Two incomes excluded from employment income are:
- Meals and refreshments are provided to all employees on equal ground.
- Reimbursement of petty expenses relating to tea expenses, stationeries, tips, prizes and emergency medical treatment of up to Rs 500.
2. State whether the following incomes are related to employment or profession.
a) The amount earned by a government employee from private tuition
b) Amount earned from another university from setting a question paper.
c) Payment received from the third party on behalf of the employer.
d) Amount received from past employment.
Answers:
a) Profession
b) Profession
c) Employment
d) Employment
3. Describe in brief the situation of master-servant relationships in profession and employment.
In employment, the master i.e. employer can order his servant i.e. employee how it should be done while in the profession the master can require only what is to be done.
4. Point out any two differences between business and employment:
The two differences between business and employment are:
- Qualification and training as prescribed by the employer are essential for an employee. But such a thing may not be essential for business.
- In business, the returns (i.e. profit) may be uncertain and irregular while in employment the returns (i.e. salary and allowances) are certain and regular.
5. Mrs. Bina was employed in a private school three years ago. She has disabled as well as a single woman (widow). State any two privilege that she gets while assessing income.
The two privileges are:
- 10 percent rebate in total tax liability.
- 50 percent of basic exemption as an additional exemption for a disabled residents.
Short Questions and Answers
1. Explain the provisions regarding the contribution to an approved retirement fund.
Retirement contributions constitute contributions to provident fund, gratuity fund, citizen investment fund, or any periodic amounts payable on retirement or on the left of the service.

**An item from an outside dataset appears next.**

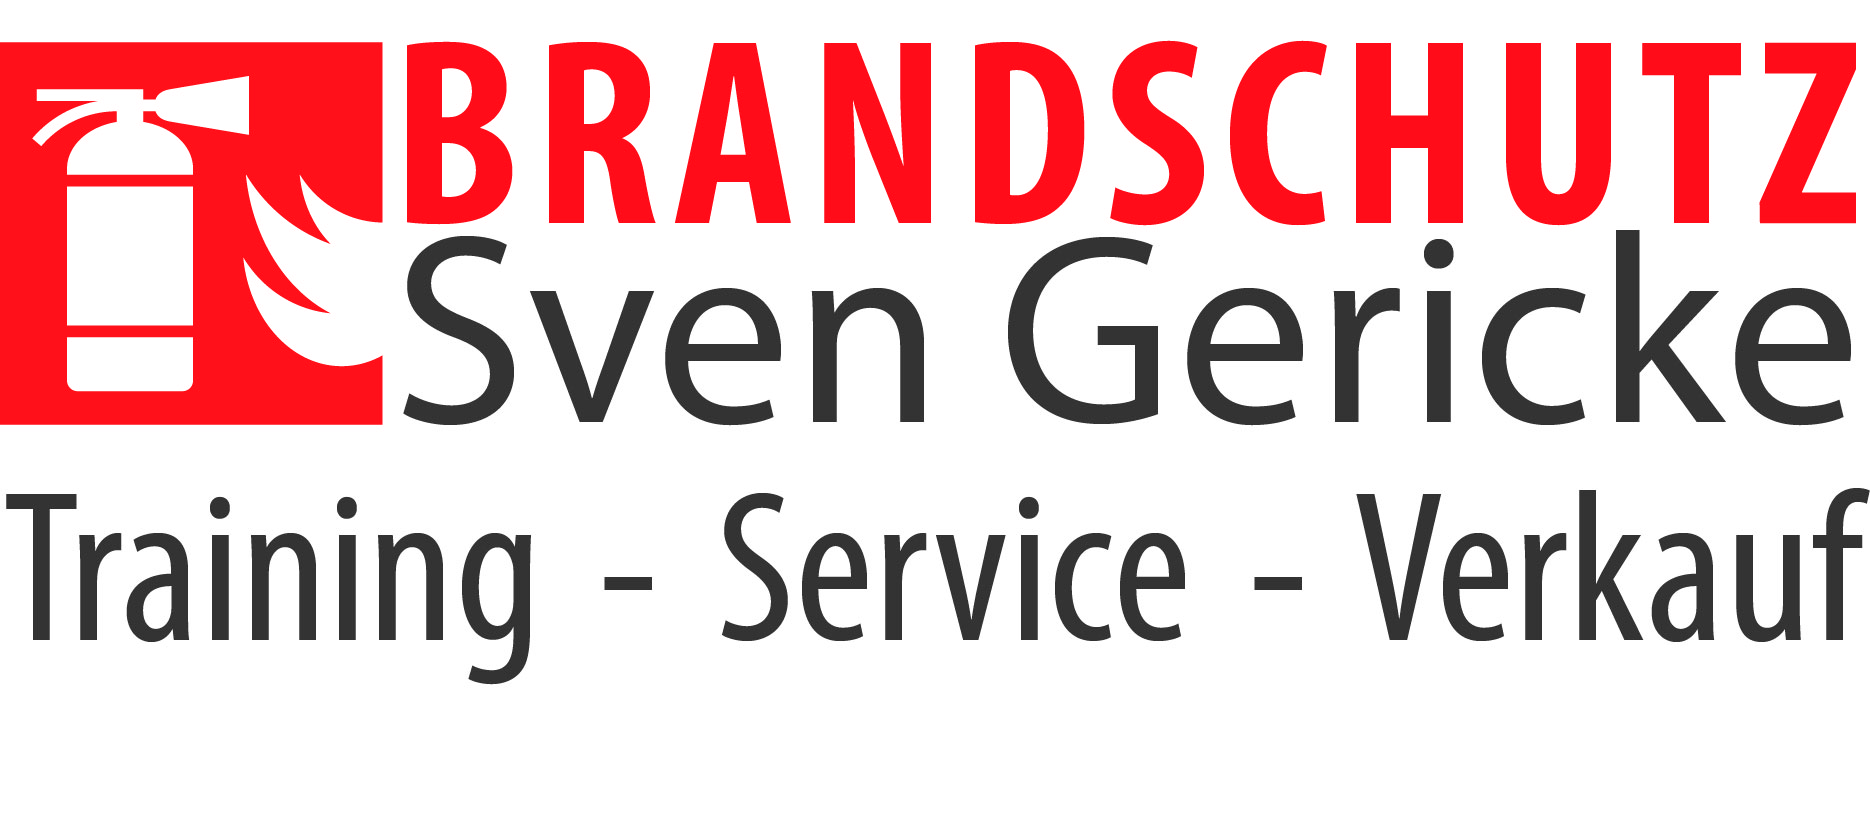 logo brandschutz sven

In addition to the employee’s own contributions, the employer also contributes some amount to the fund. Such retirement contributions may be deposited either with the approved fund or an unapproved fund.

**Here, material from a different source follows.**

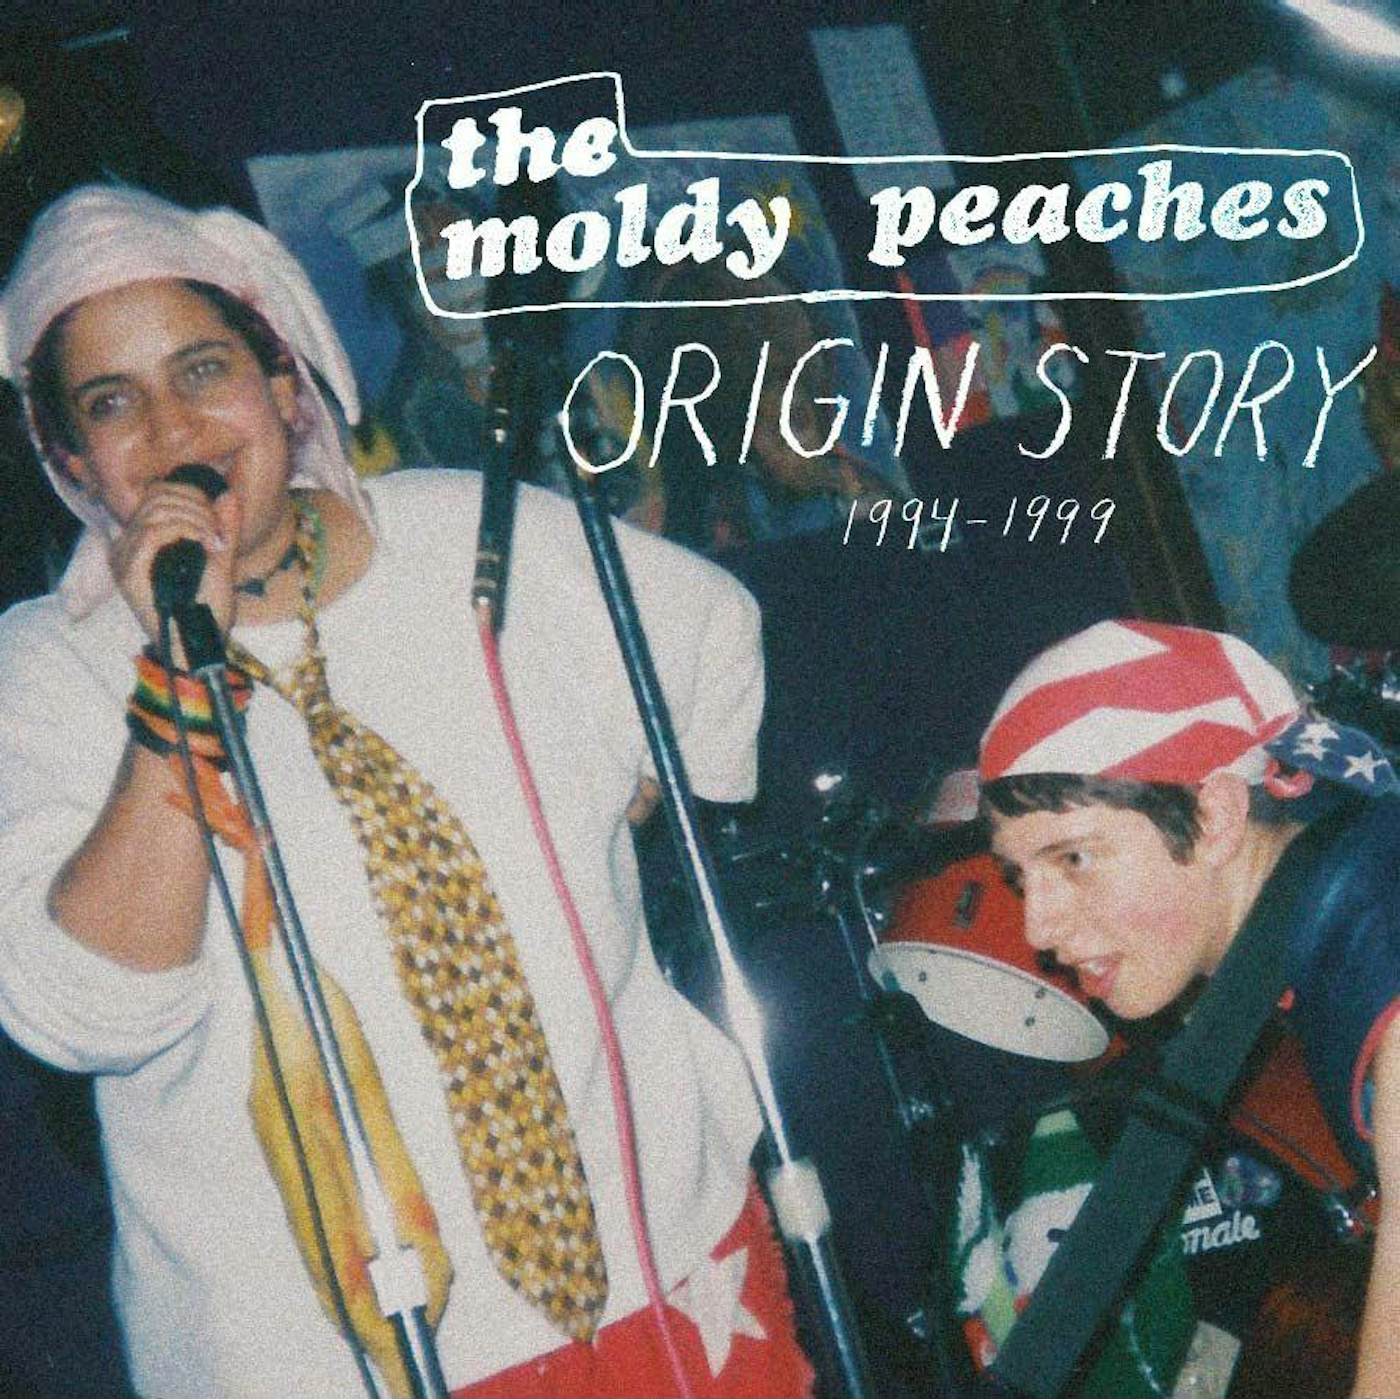 The Moldy Peaches Origin Story: 1994-1999 - Blue Vinyl Record

An individual may claim a deduction for retirement contributions made to an approved fund in an income year not exceeding Rs.3,00,000 or one-third of the assessable income.
2. Define employment. Differentiate between employment and profession.
Employment is a contract between two parties one being the employer and the other being the employee. An employer is a person or institution that hires employees or workers to get mental or physical services against a regular payment of salary, wages, and other benefits. The employer has the power or right to control and direct the employee in the material details of how the work is to be performed. An employee, on the other hand, is a person in the service of another under any contract. The employee provides services on a regular basis to the employer and in return gets certain amounts or benefits.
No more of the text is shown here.